I have a set of data which is split into two arrays (let's call them data and keys). That is, for any given item with an index i, I can access the data for that item with data[i] and the key for that item with keys[i]. I cannot change this structure (eg, to interleave keys and data into a single array), because I need to pass the data array to a library function which expects a certain data layout.

How can I sort both arrays (preferably using standard library functions) according to the content of the keys array?

like image 311
John Bartholomew Avatar asked Aug 03 '10 16:08

John Bartholomew


3 Answers

Here is a sample implementation which defines a new iterator type to provide a paired view over two sequences. I have tried to make it standards compliant and correct, but since the C++ standard is hideously complex in its details, I am almost certain that I have failed. I will say that this code appears to work when built with clang++ or g++.

This code is not recommended for general use, since it is longer and less understandable than the other answers, and possibly invokes the dreaded 'undefined behaviour'.
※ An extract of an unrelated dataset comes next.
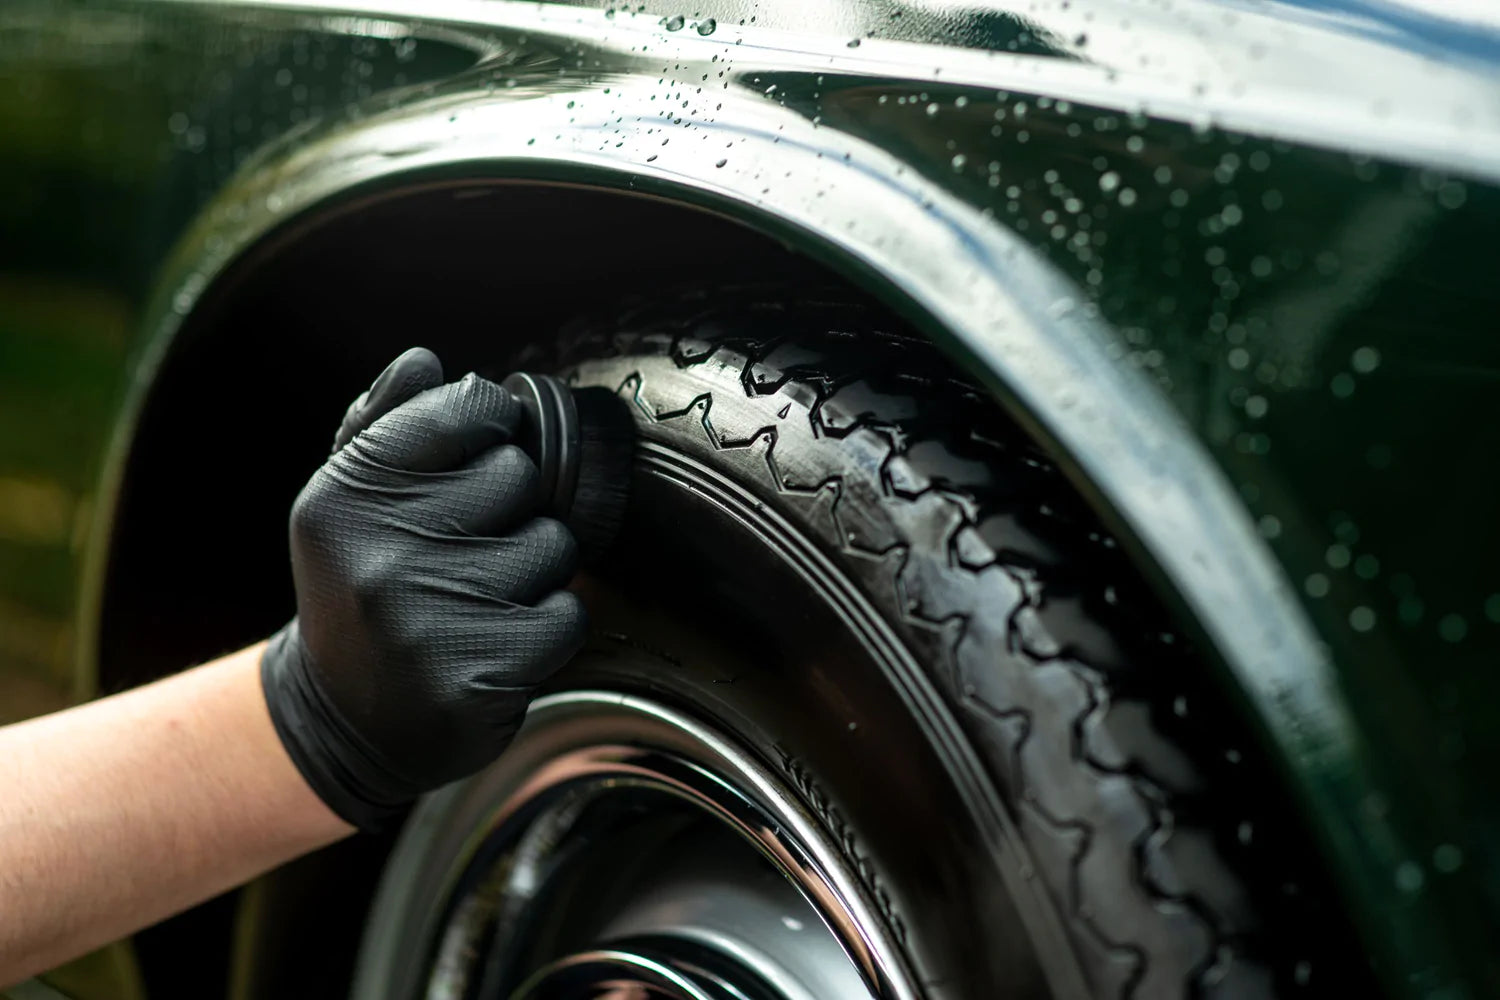 CARSCOPE UK Tire Dressing Brush | Tire Shine Applicator - Parks Car Care 
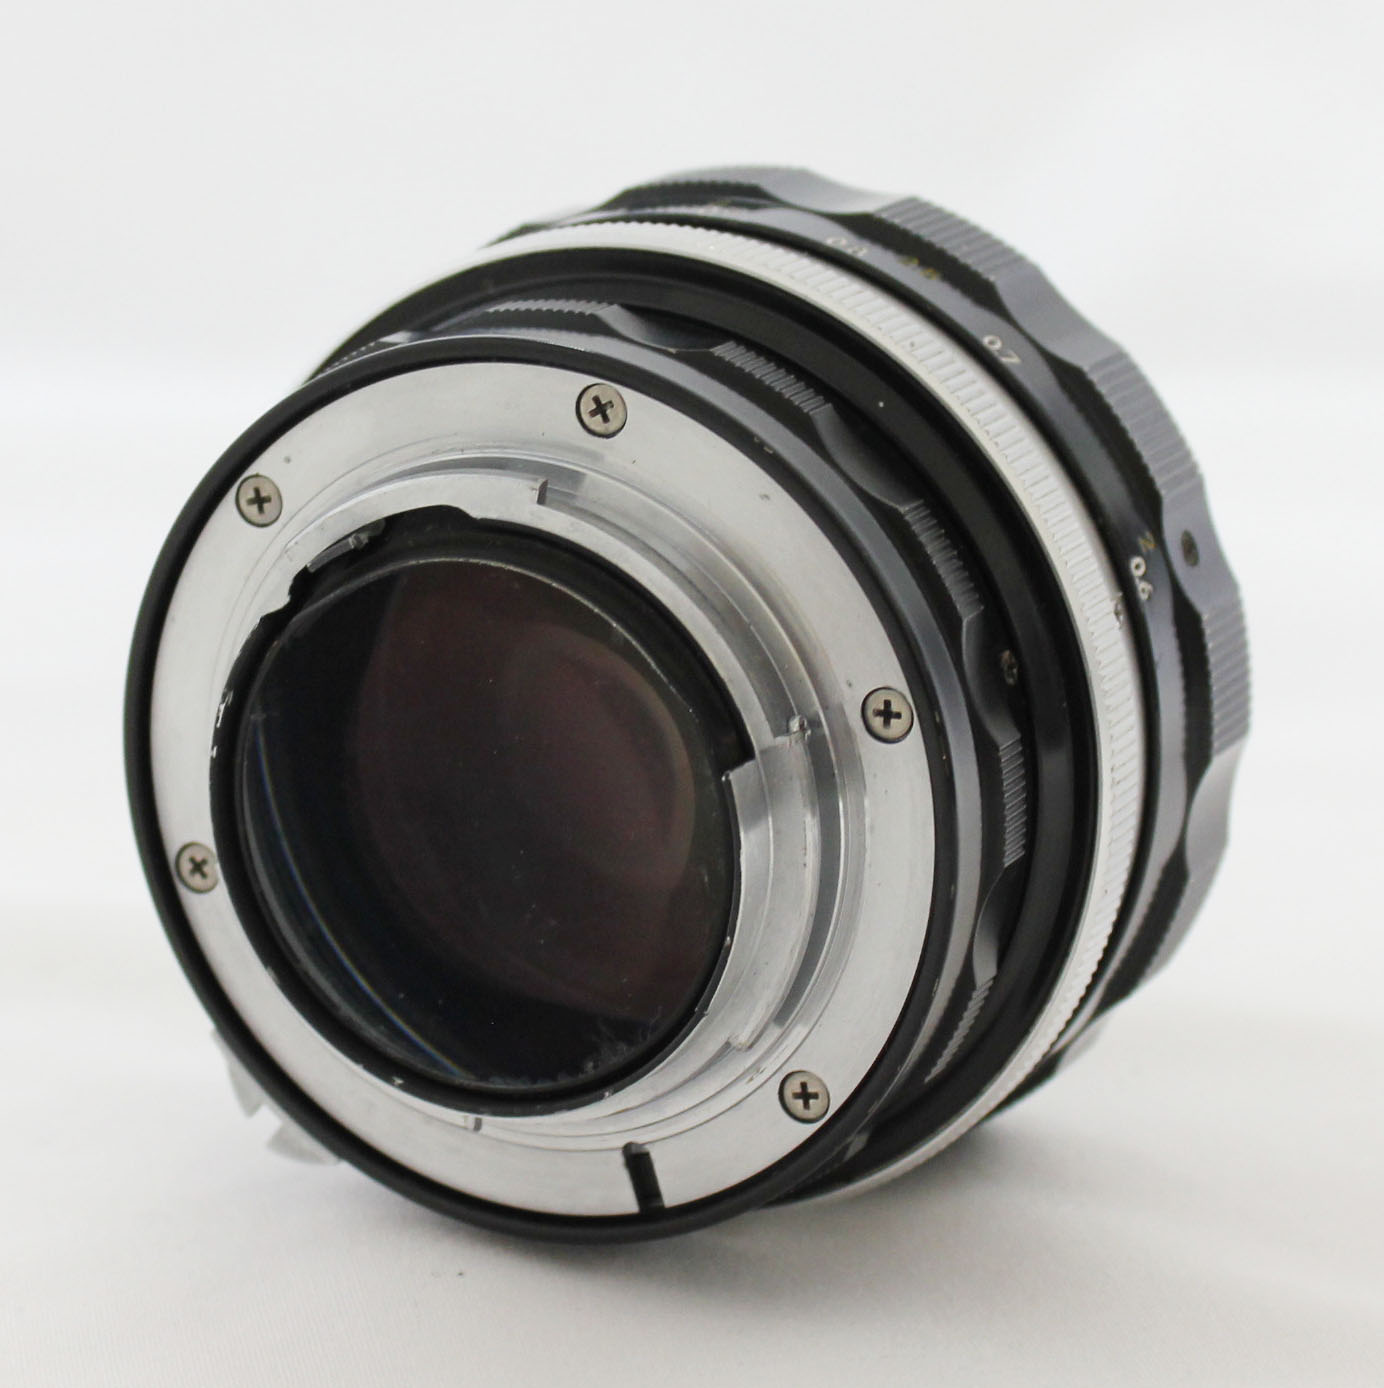 Nikon Nikkor S.C SC Auto 55mm F/1.2 Non-Ai MF Prime Lens from

However, it does have the advantage of constant time and space overhead since it provides a view on existing data rather than actually building a temporary alternate representation or permutation vector. The most obvious (to me) performance problem with this code is that individual elements of the two containers will have to be copied during the swap operation. Despite several attempts, I have not found a way to successfully specialise std::swap such that std::sort or std::random_shuffle will avoid using the default temporary-copy based swap implementation. It is possible that use of the C++0x rvalue reference system (see std::move and Jon Purdy's answer) could solve this.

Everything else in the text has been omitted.